“You never change things by fighting the existing reality. To change something, build a new model that makes the existing model obsolete.”

—Buckminster Fuller

There are plenty of amazing teachers and business professors out there. My sincerest apologies to them when I say the following:

Formal education is not the source of business wisdom.

In fact, commonly accepted business wisdom plays a big part in perpetuating the limiting beliefs that keep many businesses from fulfilling their potential.

Learning new business wisdom is important.

Unlearning bad business wisdom is required.

Most people touting their business innovations are repeating different versions of the same thing.
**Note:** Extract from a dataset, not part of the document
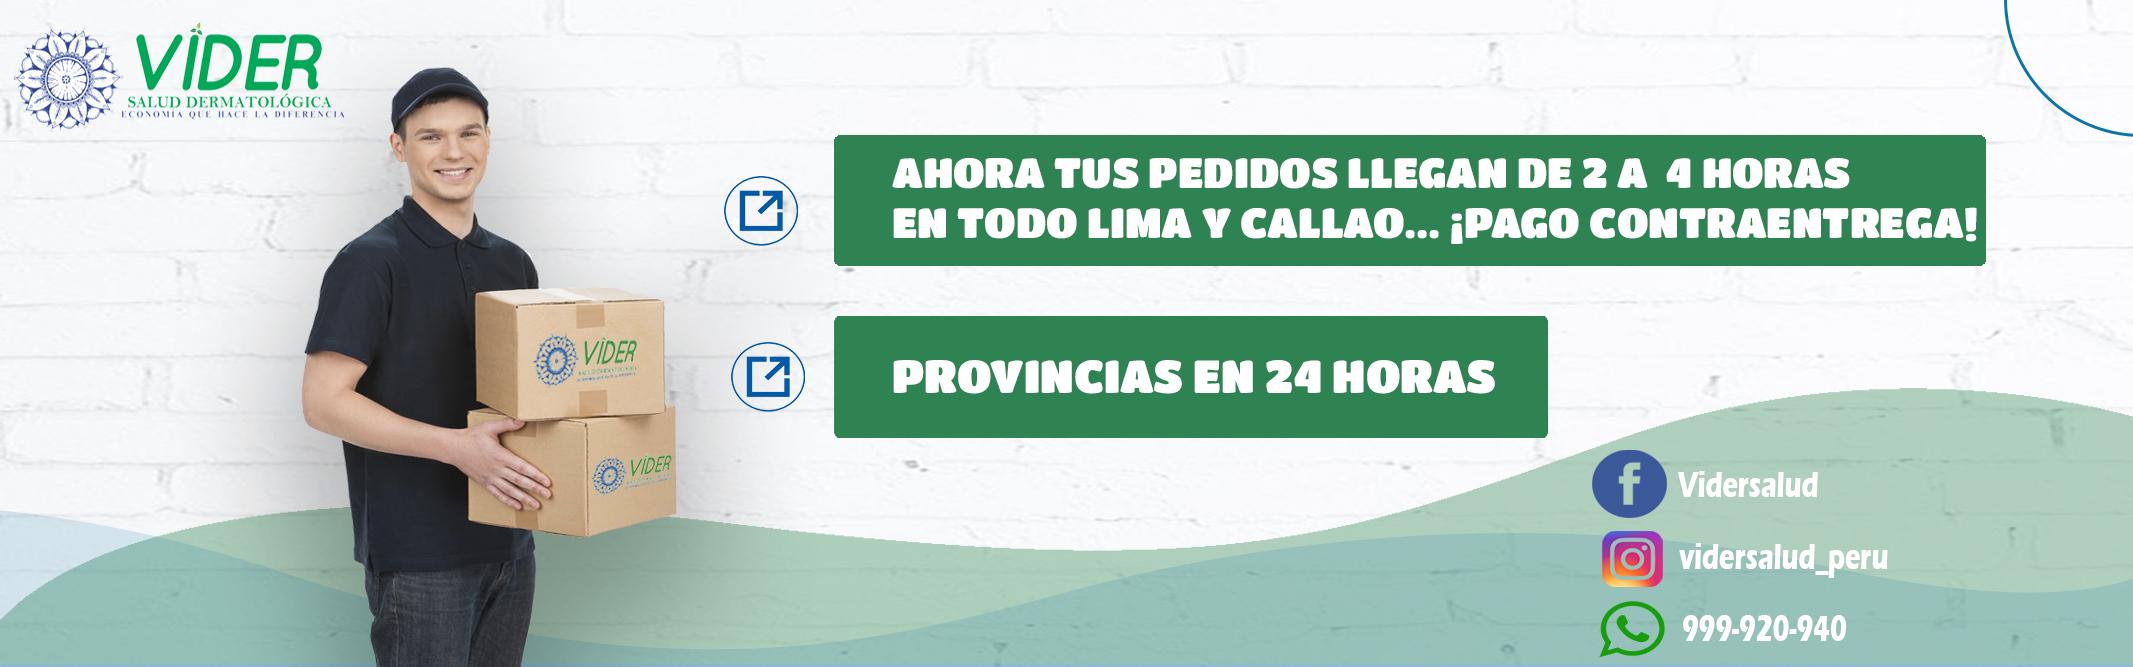 Heliocare - Vider Salud Dermatológica

However, the leaders who transform their businesses abandoned the typical business norms and left the comfort of certainty and control.

Dee Hock, the founder and former CEO of Visa, coined a term that I think perfectly encapsules true business innovation: he said it was a result of “chaordic leadership,” a word he got by combing “chaos” and “order.”

His explanation of the term goes as follows: “By chaord, I mean any self-organizing, self-governing, adaptive, nonlinear, complex organism, organization, community or system, whether physical, biological or social, the behavior of which harmoniously blends characteristics of both chaos and order.”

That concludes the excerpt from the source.